И чего я ждал от Крафта, каких это новых сообщений?
Выйдя от Крафта, я сильно захотел есть; наступал уже вечер,
а я не обедал. Я вошел тут же на Петербургской, на Большом проспекте, в один
мелкий трактир, с тем чтоб истратить копеек двадцать и не более двадцати пяти —
более я бы тогда ни за что себе не позволил. Я взял себе супу и, помню, съев
его, сел глядеть в окно; в комнате было много народу, пахло пригорелым маслом,
трактирными салфетками и табаком. Гадко было. Над головой моей тюкал носом о
дно своей клетки безголосый соловей, мрачный и задумчивый. В соседней
биллиардной шумели, но я сидел и сильно думал. Закат солнца (почему Крафт
удивился, что я не люблю заката?) навел на меня какие-то новые и неожиданные
ощущения совсем не к месту. Мне все мерещился тихий взгляд моей матери, ее
милые глаза, которые вот уже весь месяц так робко ко мне приглядывались. В
последнее время я дома очень грубил, ей преимущественно; желал грубить
Версилову, но, не смея ему, по подлому обычаю моему, мучил ее. Даже совсем
запугал: часто она таким умоляющим взглядом смотрела на меня при входе Андрея
Петровича, боясь с моей стороны какой-нибудь выходки… Очень странно было то,
что я теперь, в трактире, в первый раз сообразил, что Версилов мне говорит ты,
а она — вы. Удивлялся я тому и прежде, и не в ее пользу, а тут как-то особенно
сообразил — и все странные мысли, одна за другой, текли в голову. Я долго
просидел на месте, до самых полных сумерек. Думал и об сестре…

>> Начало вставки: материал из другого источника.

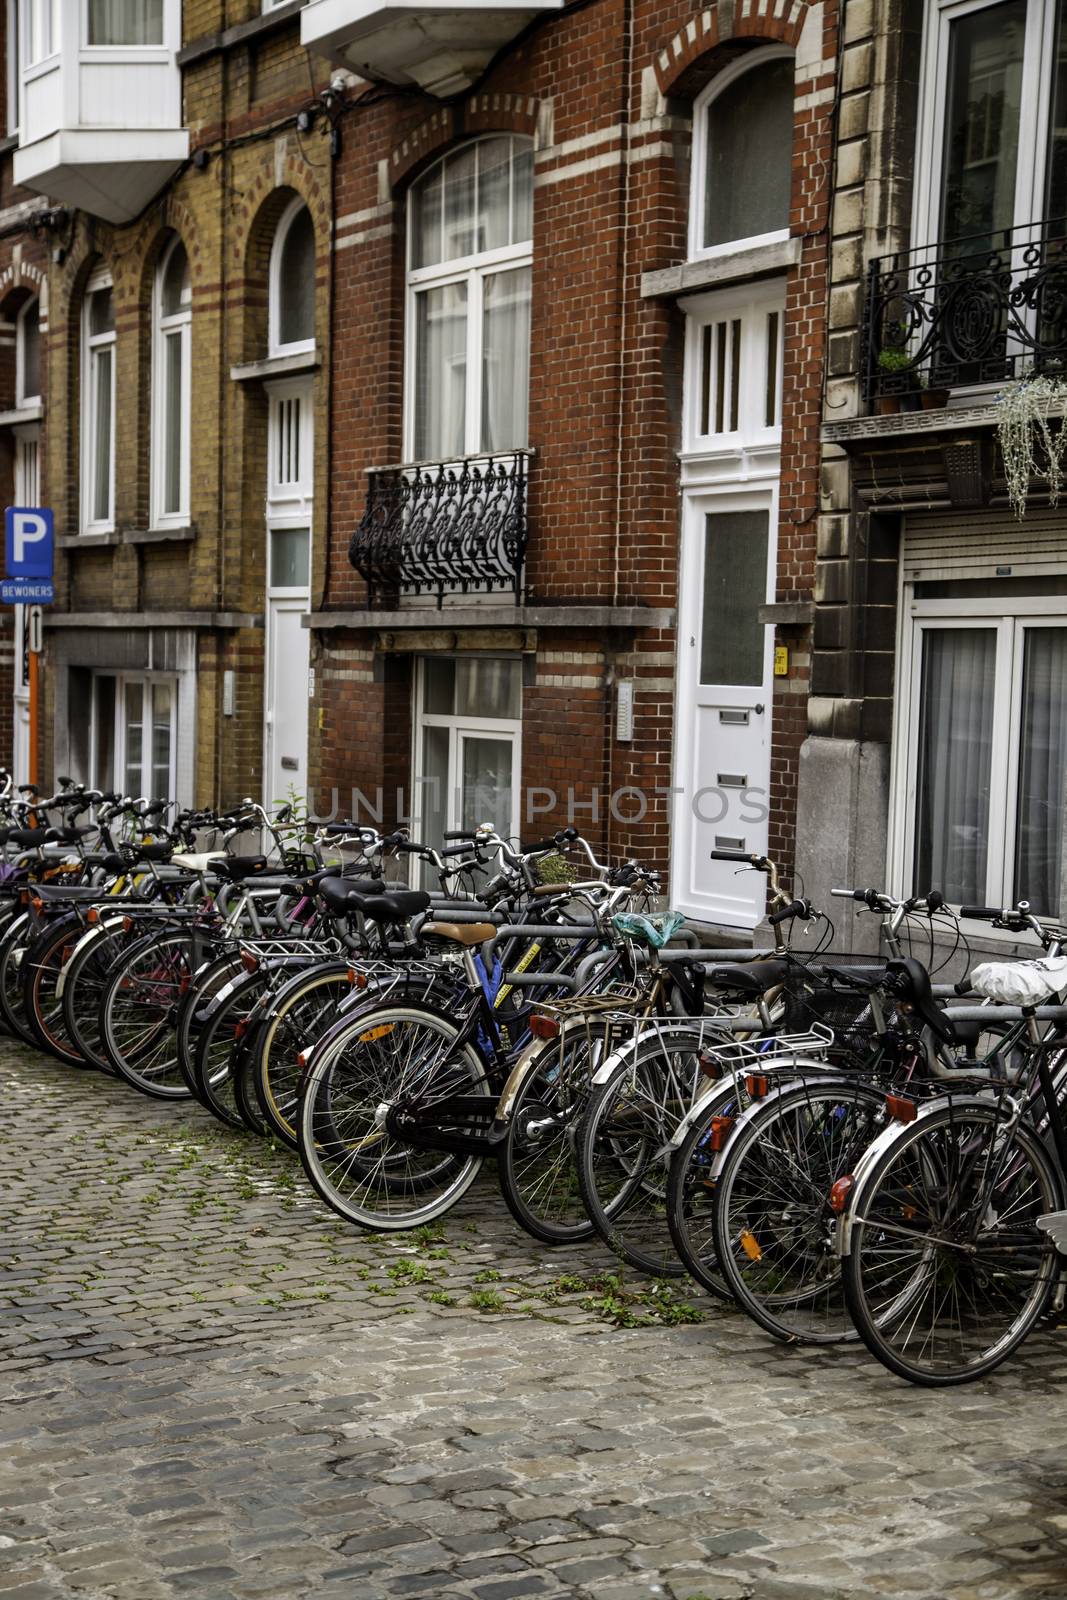 Bicycles parked in the Netherlands by esebene
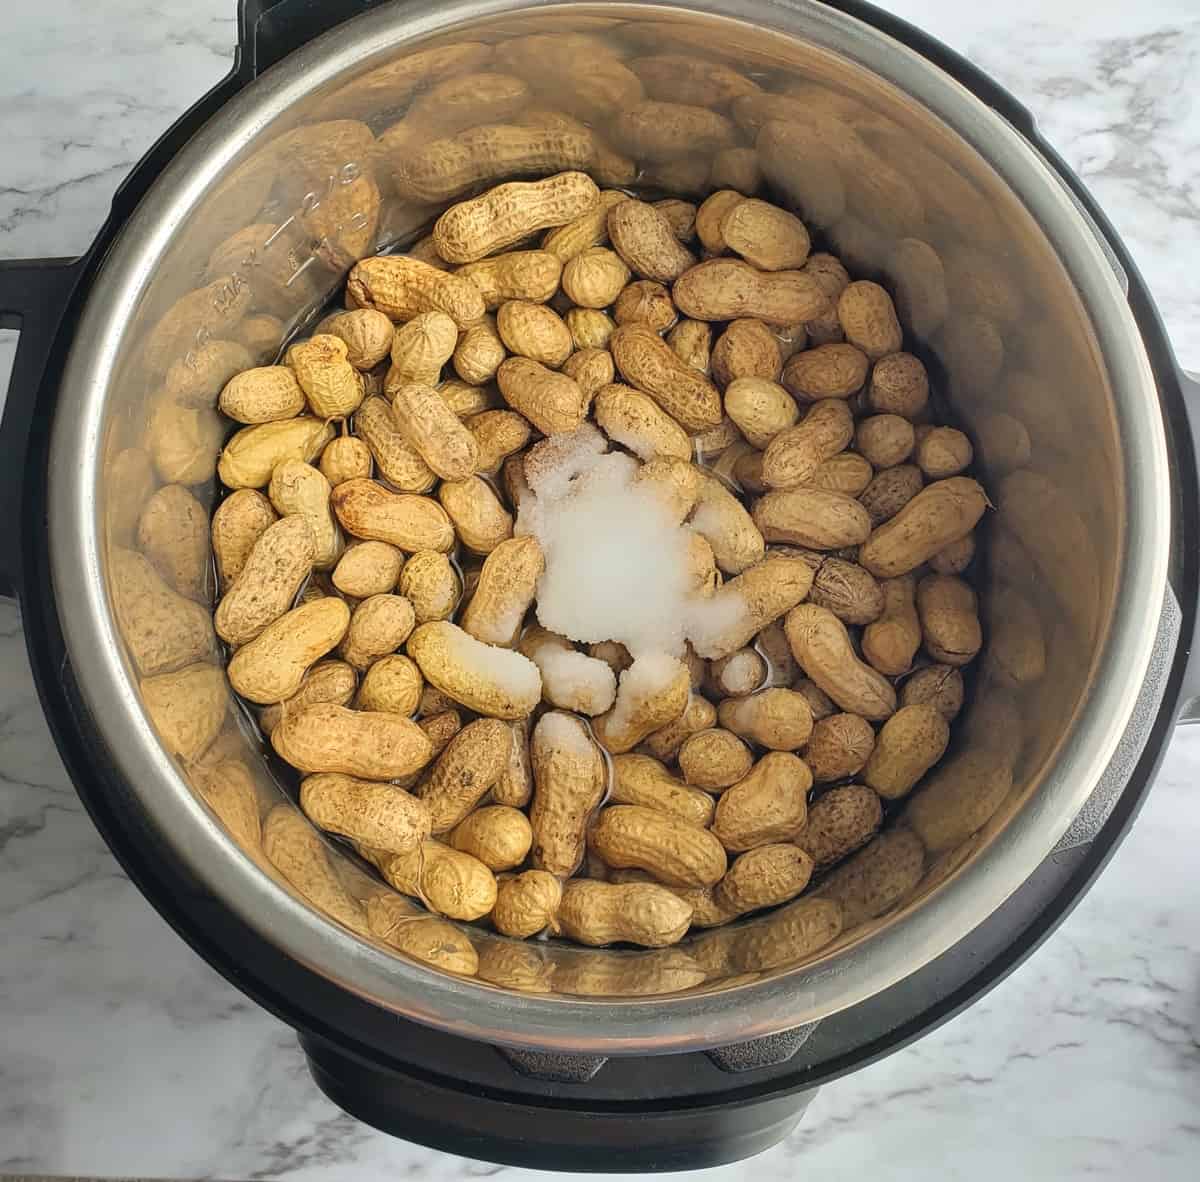 Peanuts in the shell in an Instant Pot with salt in the middle

Минута для меня роковая. Во что бы ни стало надо было
решиться! Неужели я не способен решиться? Что трудного в том, чтоб порвать,
если к тому же и сами не хотят меня? Мать и сестра? Но их-то я ни в каком
случае не оставлю — как бы ни обернулось дело.
Это правда, что появление этого человека в жизни моей, то
есть на миг, еще в первом детстве, было тем фатальным толчком, с которого
началось мое сознание. Не встреться он мне тогда — мой ум, мой склад мыслей,
моя судьба, наверно, были бы иные, несмотря даже на предопределенный мне
судьбою характер, которого я бы все-таки не избегнул.
Но ведь оказывается, что этот человек — лишь мечта моя,
мечта с детских лет. Это я сам его таким выдумал, а на деле оказался другой,
упавший столь ниже моей фантазии. Я приехал к человеку чистому, а не к этому. И
к чему я влюбился в него, раз навсегда, в ту маленькую минутку, как увидел его
когда-то, бывши ребенком? Это «навсегда» должно исчезнуть. Я когда-нибудь, если
место найдется, опишу эту первую встречу нашу: это пустейший анекдот, из
которого ровно ничего не выходит. Но у меня вышла целая пирамида. Я начал эту
пирамиду еще под детским одеялом, когда, засыпая, мог плакать и мечтать — о
чем? — сам не знаю. О том, что меня оставили? О том, что меня мучат? Но мучили
меня лишь немножко, всего только два года, в пансионе Тушара, в который он меня
тогда сунул и уехал навсегда. Потом меня никто не мучил; даже напротив, я сам
гордо смотрел на товарищей. Да и терпеть я не могу этого ноющего по себе
сиротства! Ничего нет омерзительнее роли, когда сироты, незаконнорожденные, все
эти выброшенные и вообще вся эта дрянь, к которым я нисколько вот-таки не имею
жалости, вдруг торжественно воздвигаются перед публикой и начинают жалобно, но
наставительно завывать: «Вот, дескать, как поступили с нами!» Я бы сек этих
сирот. Никто-то не поймет из этой гнусной казенщины, что в десять раз ему
благороднее смолчать, а не выть и не удостоивать жаловаться. А коли начал
удостоивать, то так тебе, сыну любви, и надо. Вот моя мысль!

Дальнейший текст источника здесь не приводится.